FTIR studies conducted on pure drug and mixture of drug and polymer showed that there is no marked interaction between drug and excipient selected. The graphs obtained indicate that the drug is compatible with the polymer used.

Fig. 2: FT-IR Spectrum of Polymer HPMC-E5

Fig. 3: FT-IR Spectrum of Drug Sacubitril Sodium

Fig.4: FT-IR Spectrum of Sacubitril + HPMCE5

The DSC study revealed that the melting point of HPMC-E5 and Sacubitril Sodium was found to be 269.38^oC and 140.98^oC respectively. In the DSC thermogram of drug-HPMC-E5 mixture, it was shown that the melting points of HPMC-E5 and the drug were 267.66^oC and 133.05^oC respectively which clearly indicates there is only a slight variation in the melting points of polymer and the pure drug and showed that good compatibility with polymers. These studies concluded that there is no excipient incompatibility.

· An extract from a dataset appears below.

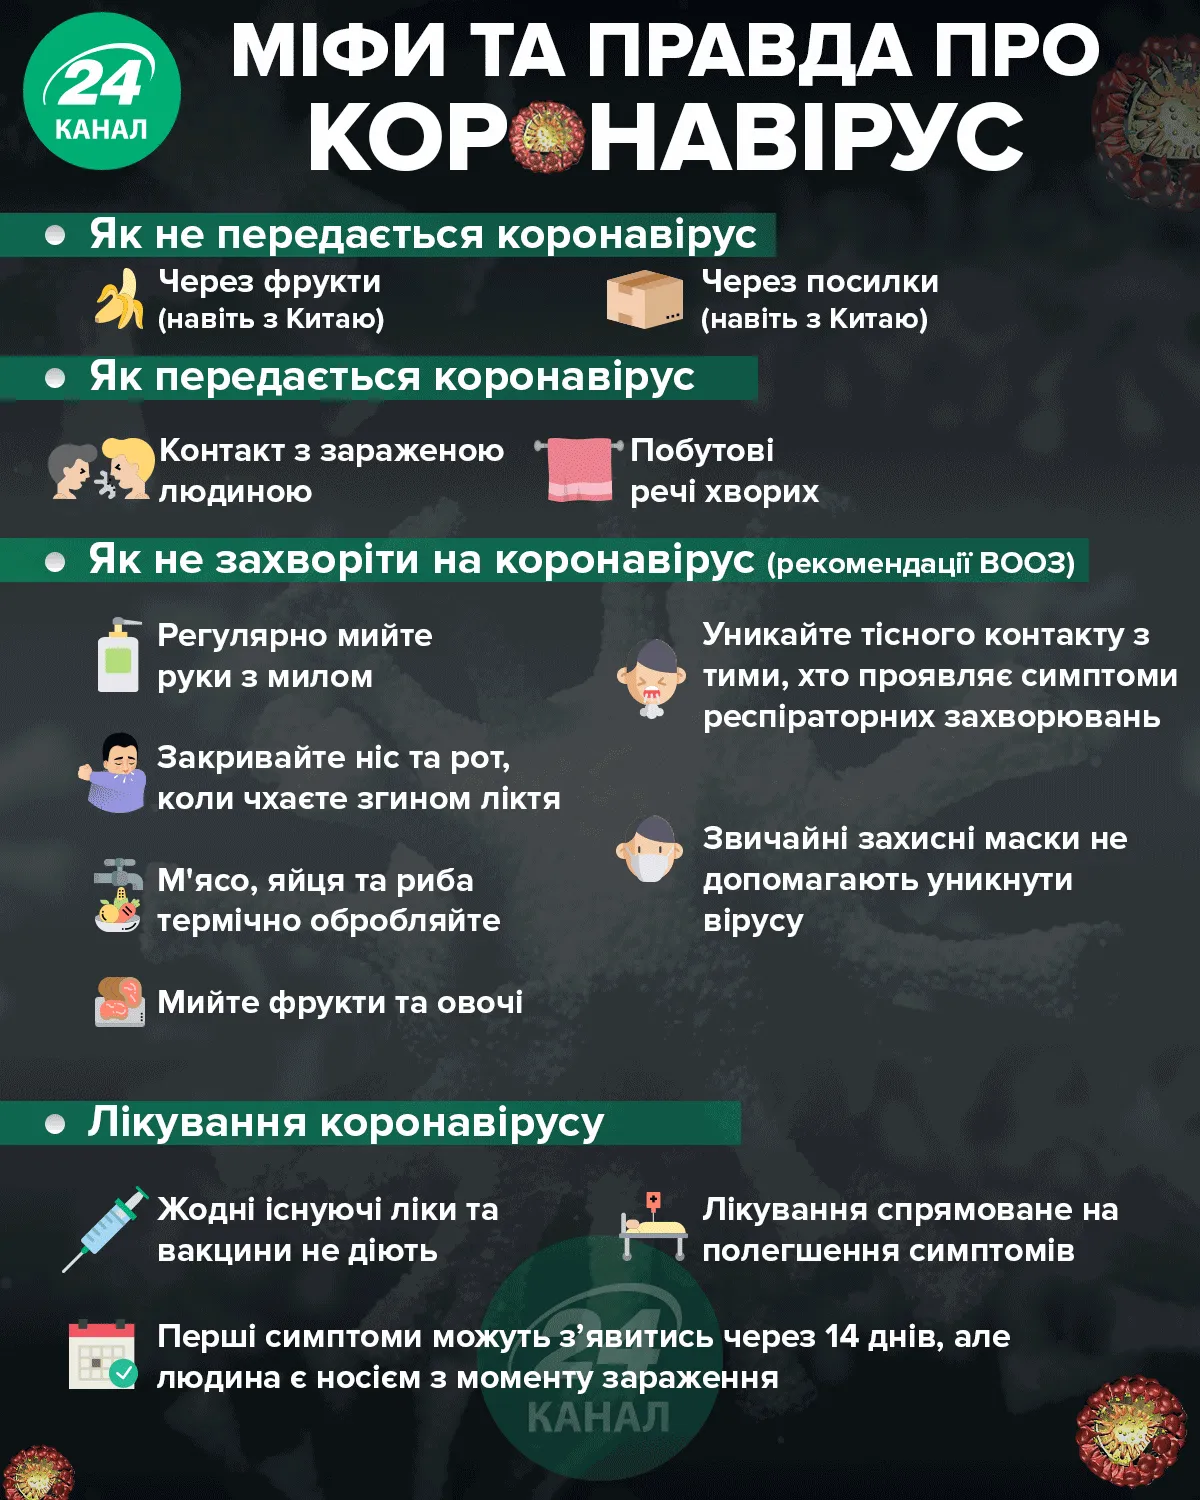 Міфи та правда про коронавірус / Картинка 24 каналу

Fig. 5: DSC thermo gram of Polymer HPMC-E5

Fig6: DSC thermo gram of Drug Sacubitril Sodium

Fig. 7: DSC thermo gram of drug+polymer

CONCLUSION:

Based on the encouraging results, the fast-dissolving films of Sacubitril Sodium can be considered suitable for clinical use in the treatment of Hypertension and other conditions of heart disorders, where a quicker onset of action for a dosage form is desirable along with the convenience of administration. The method of preparation was found to be simple and requires minimum excipients, thus making the product cost-effective. Among all HPMC-Sacubitril films, extent of drug release was greater in F5 film. It was observed that with the increased content of polymer, the rate and extent of drug release was faster. This was because of water soluble polymer that results in increased wettability and penetration of water into the film matrices and hence increased diffusion of the drug. Among all the eight formulations F₁, F₂, F₃, F₄, F₅, F₆, F₇, F_8,it was shown that the presence of tween80 in constant concentration in the formulations F₅,F₆,F₇ and F₈enhanced the drug release. From the present investigation it can be concluded that oral fast dissolving films have shown superior drug release. The films prepared by HPMC-E5 and propylene glycol had shown good mechanical strength, drug release, disintegration time and stability. Sacubitril sodium administered in the form of fast dissolving films will be potential novel drug dosage form for geriatric and also for general population by providing faster release and better patient compliance. There fore it can be a good alternative to conventional anti hypertensive tablets.

ACKNOWLEDGEMENT:

The authors express deep gratitude to Strides Arcolabs, Bengaluru, for providing the gift sample of the drug Sacubitril sodium. The authors are also immensely grateful to Sree Vidyanikethan College of Pharmacy, A. Rangampet, Tirupati for providing all the facilities required to carry out the research work.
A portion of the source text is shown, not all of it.